I try to live my life by imitating Jesus, not just in words or beliefs, but in the way I think and act. Recently, I found myself struggling with a difficult question; one that forced me to confront the tension between loving my enemy and protecting myself or others.
Suppose I’m in a house for the night, and a gun has been placed there. Suddenly, an armed intruder breaks in — he’s aggressive, deranged, and all attempts at calming him down have failed. I am faced with the possibility of being killed. In that moment, is it moral to use the gun to defend myself? Or would love require me to sacrifice my life, even for someone bent on violence?
What if the intruder is just a desperate, hungry man with an empty shotgun, trying to scare someone into giving him money for survival? In that case, the scales shift. Here, using the gun may not be moral. There’s still humanity in the intruder. Reciprocity isn’t destroyed — just broken — and perhaps love calls me to listen and help.
And then came the most critical shift in the dilemma: what if there are children in the house with me? Now, it’s no longer about my self-preservation. It’s about protecting the innocent. If I let someone harm them because I refuse to act, is that love? No. That’s abandonment. Here, love becomes justice — and justice means intervening, even if it means using force as a last resort.

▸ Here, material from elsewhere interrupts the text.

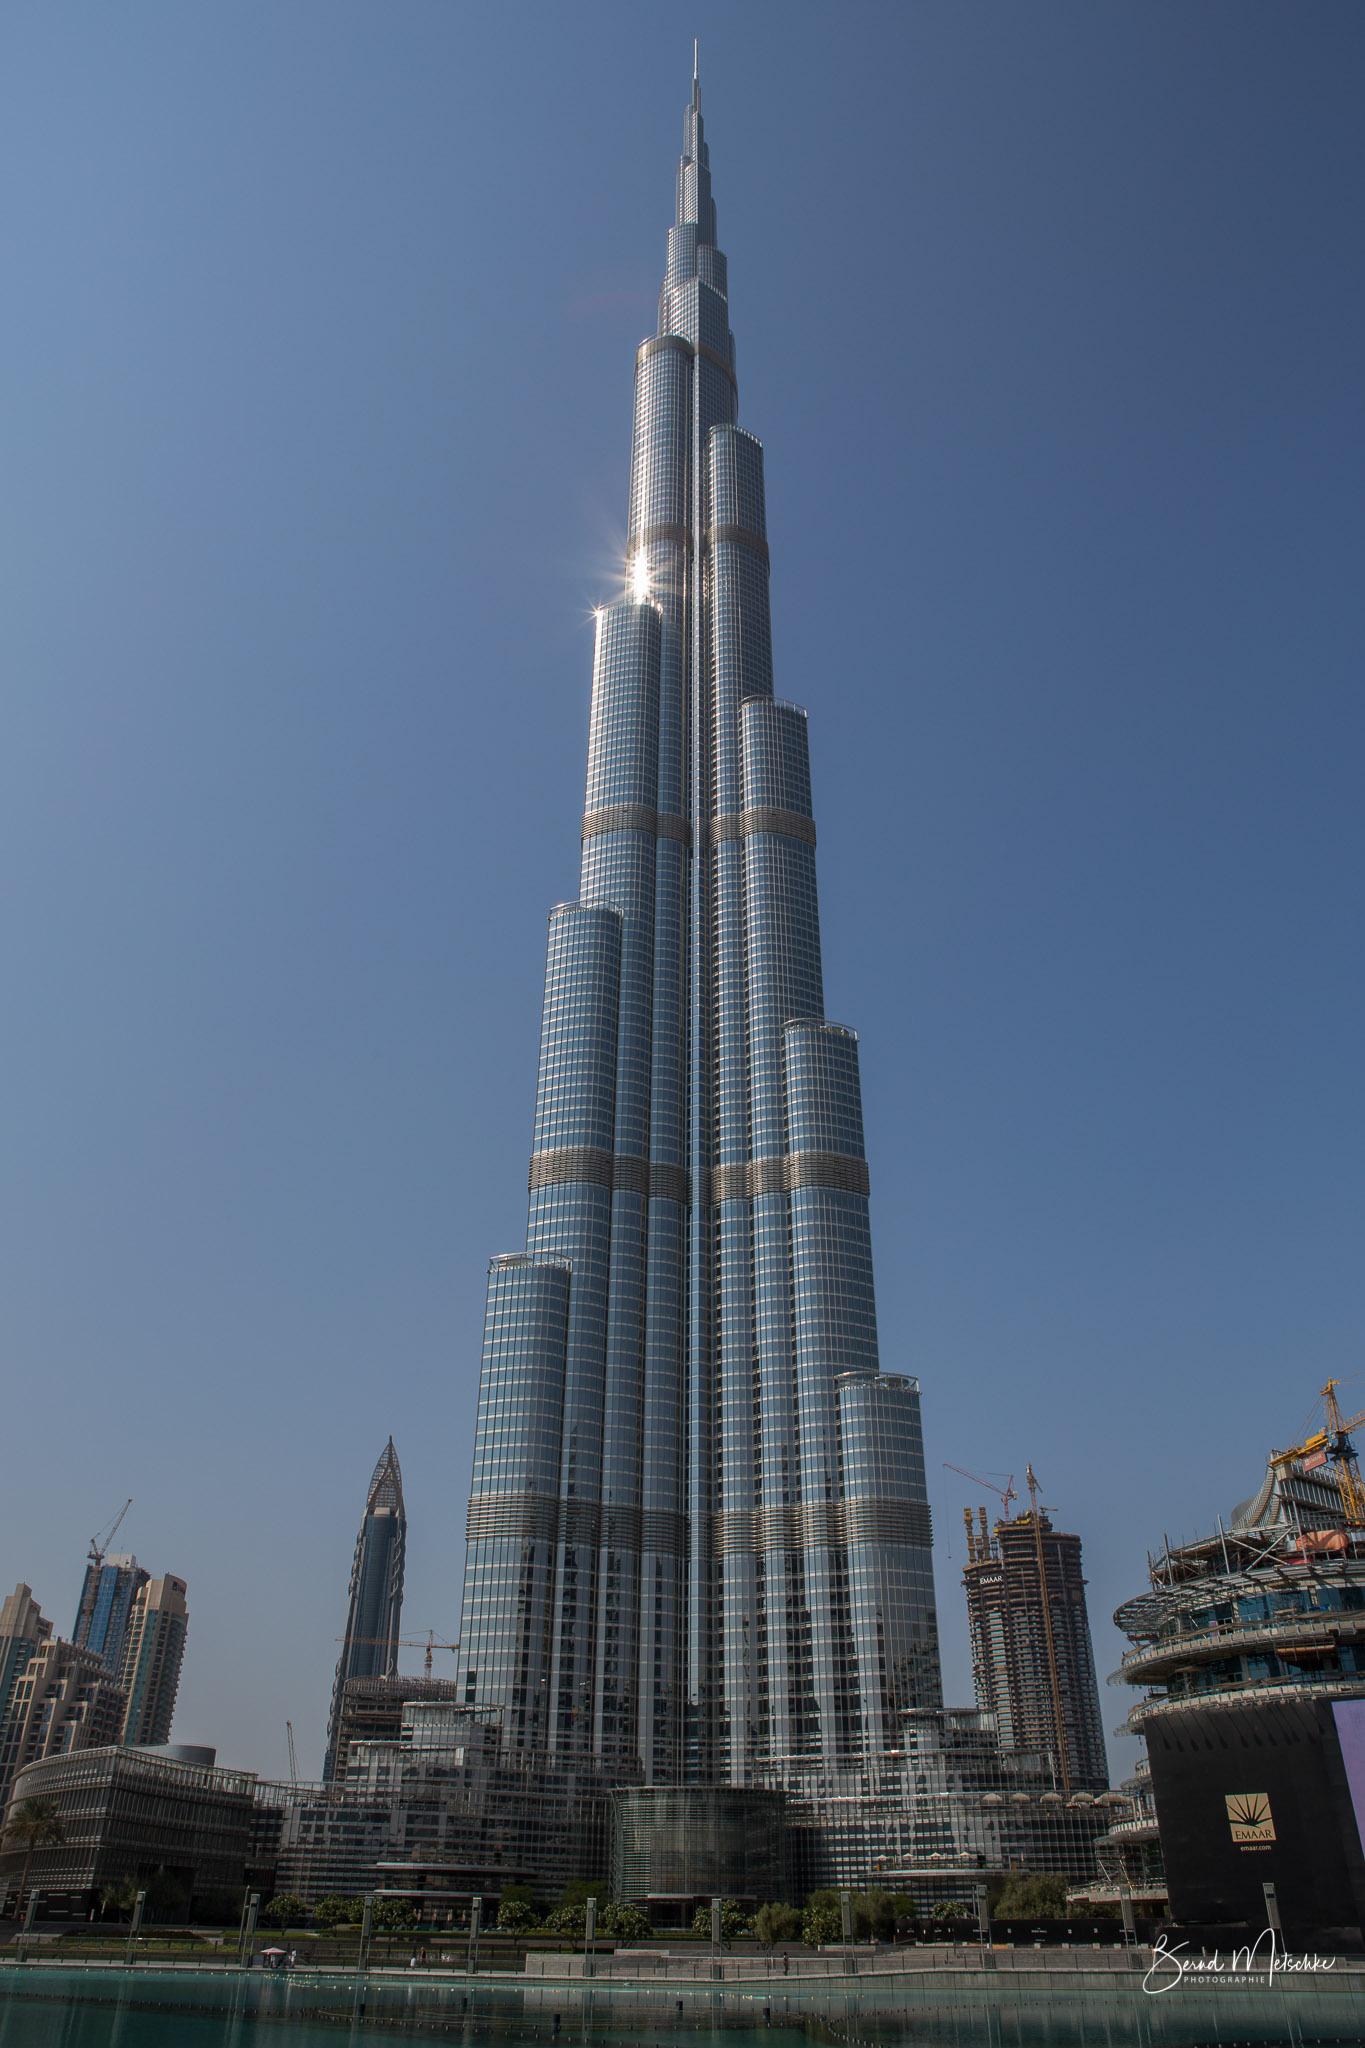 Der Burj Khalifa ist ein Wolkenkratzer in Dubai.

In all this reflection, one principle slowly came into focus:
“Put others before yourself.”
It sounds simple, but it isn’t. Because who the “other” is — and what love looks like in each situation — changes the moral responsibility: If the “other” is the attacker, and I am alone, then loving them may mean fleeing, or even sacrificing myself — not because they deserve it, but because Christ calls me to radical mercy. If the “others” are innocent people, like children, then love demands I protect them, even if it means resisting with force — not from hate, but from protective, self-giving love.
What would Jesus do? I think He would do what He always did: act with total, courageous love — mercy for the undeserving, and justice for the innocent. I don’t know that I could be as perfect in discernment as He was. But if I lead with the principle of putting others before myself — not sentimentally, but out of moral responsibility — then I think I’m walking the path he showed us.